Это была кульминация последней эпохи благородной политики, которая сохраняет традицию дистанции. Это высшая точка также и генеалогического принципа. Bella gerant alii, tu felix Austria nube547 – то действительно было продолжение войны иными средствами. Фраза эта некогда была пущена в обращение с намеком на Максимилиана I, однако только теперь принцип этот достигает своей высшей действенности. Войны фронды переходят в войны за наследство, решения о которых принимаются в кабинете, а ведут их небольшие армии галантными методами и по строгим правилам. Речь здесь идет о наследстве в полмира, собранном габсбургской брачной политикой раннего барокко. Государство все еще пребывает «в хорошей форме»; знать, сделавшаяся служилой и придворной знатью, лояльна: она ведет войны короны и организует управление. Подле Франции Людовика XIV в Пруссии возникает шедевр государственной организации. Путь, по которому она двигалась от борьбы Великого Курфюрста с его сословиями (1660) до смерти Фридриха Великого, который еще в 1786 г., за три года до взятия Бастилии, принял Мирабо, – совершенно тот же, и он привел к созданию государства, которое, как и французское, в каждом своем моменте представляет противоположность английскому устройству.

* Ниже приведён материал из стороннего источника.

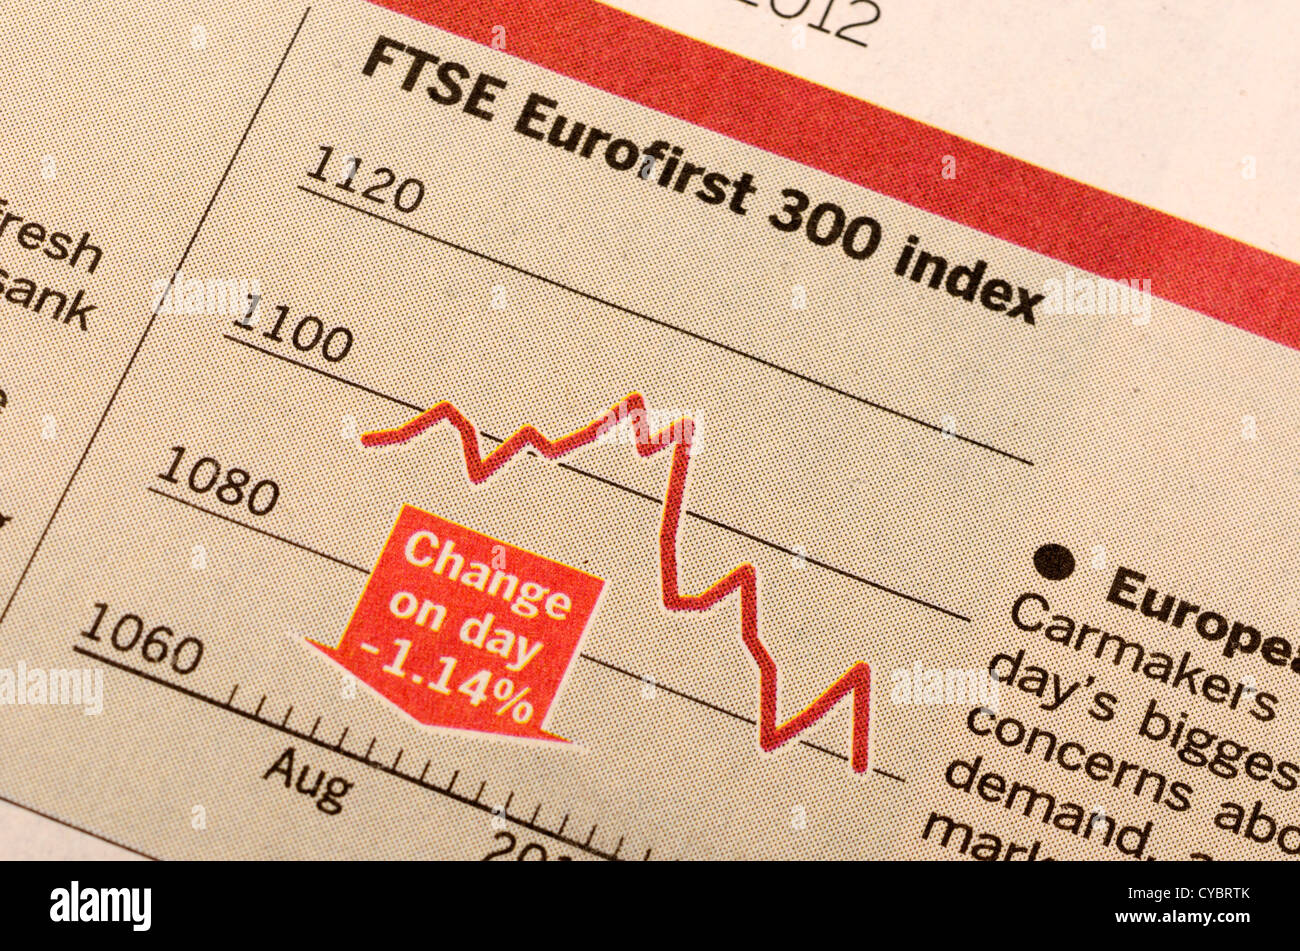 FTSE Eurofirst 300 Index graph in a newspaper Stock Photo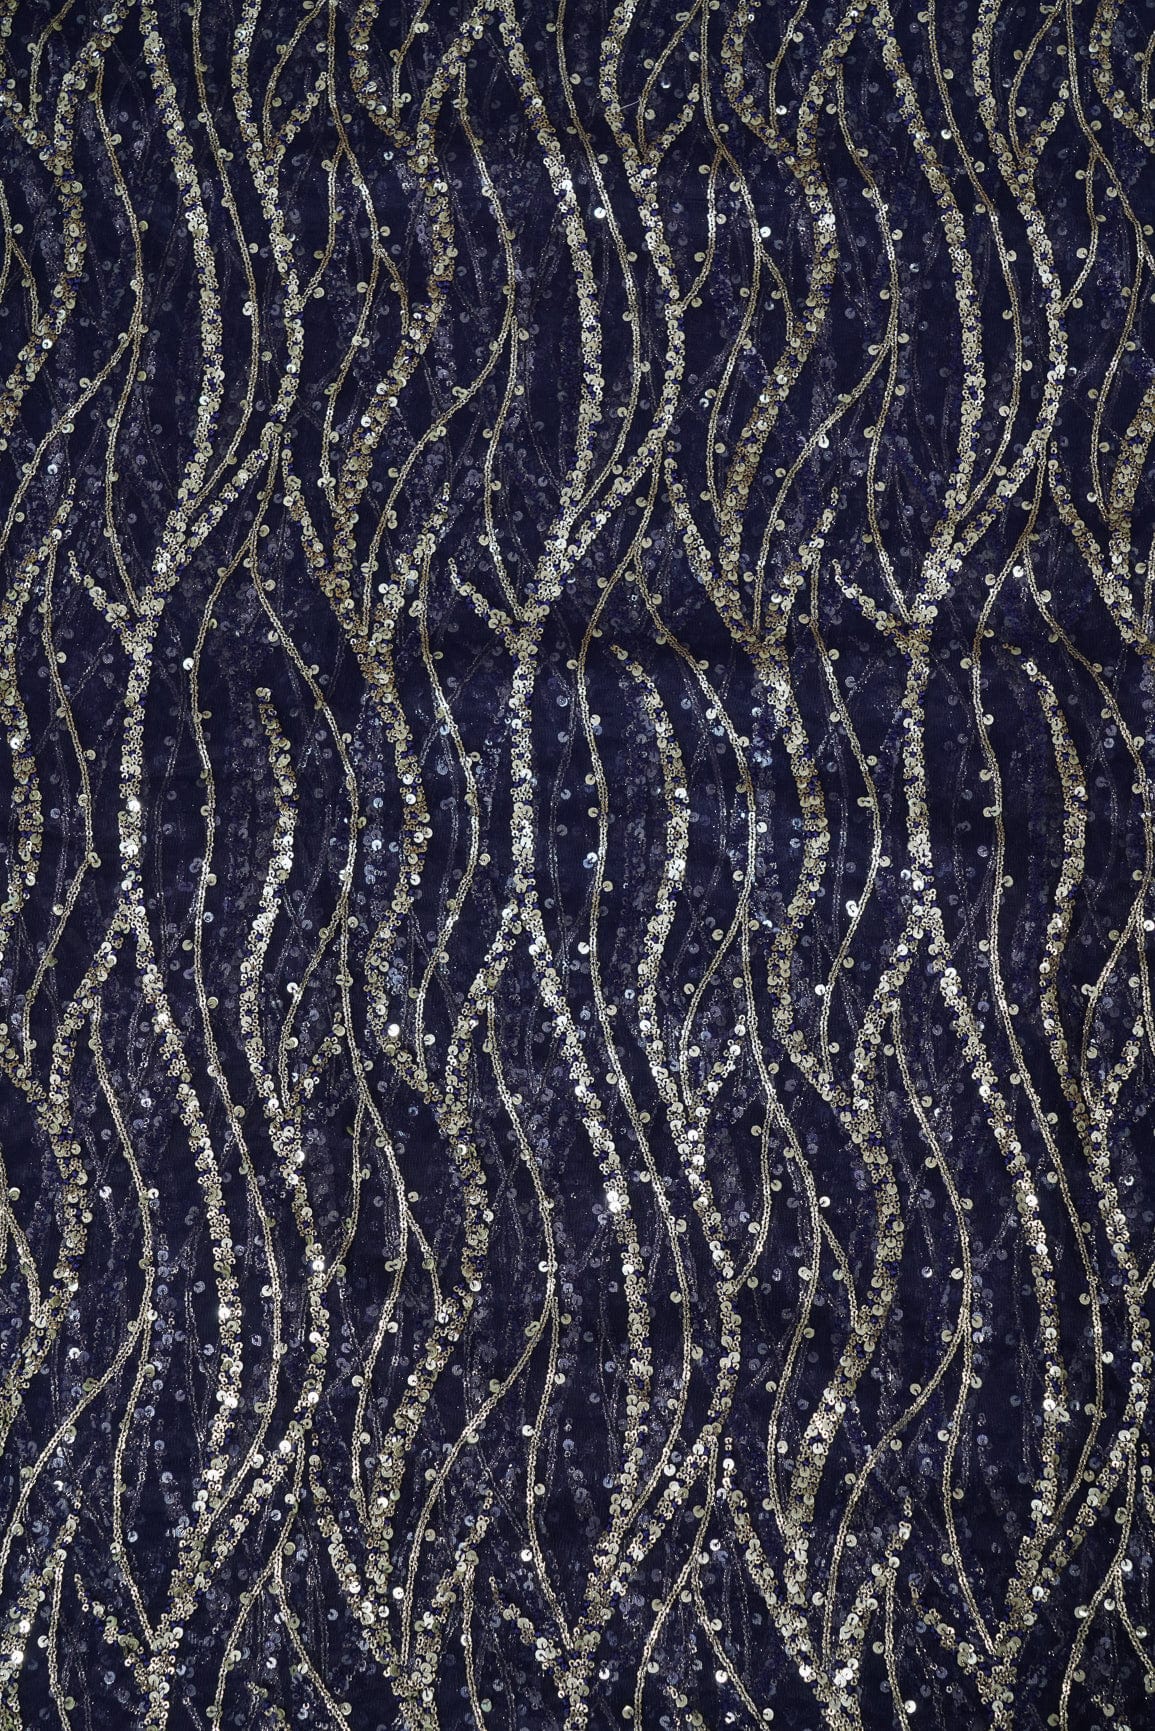 doeraa Embroidery Fabrics Gold Sequins With Navy Blue Thread Embroidery On Navy Blue Soft Net

Ибо в Империи все иначе, чем в Англии, где фронда одержала победу и нация управляется не абсолютистски, но сословно. Однако колоссальное различие между ними заключается в том, что в силу островного существования большая часть забот оказалась с государства снята и господствующее первое сословие, пэры верхней палаты, как и gentry, наметило самоочевидной целью своей деятельности величие Англии, между тем как в Империи верхний слой земельных государей (с Рейхстагом в Регенсбурге в качестве верхней палаты) стремился к тому, чтобы выпестовать в «народы» подвластные им случайные обломки нации и как можно резче отграничить эти свои «отчизны» друг от друга. Вместо мирового горизонта, имевшегося в наличии в эпоху готики, здесь сформировался- как в действии, так и в мышлении- горизонт провинциальный. Сама идея нации стала добычей царства мечтаний, этого иного мира, мира не расы, но языка, не судьбы, но причинности. В представлении, а в конце концов и фактически возник «народ» поэтов и мыслителей, основавших свою республику в облачном царстве стихов и понятий, а напоследок уверовавших в то, что политика состоит в идеальных писаниях, чтении и разговорах, а не в деяниях и решениях, так что еще и сегодня ее путают с выражением чувств и умонастроений.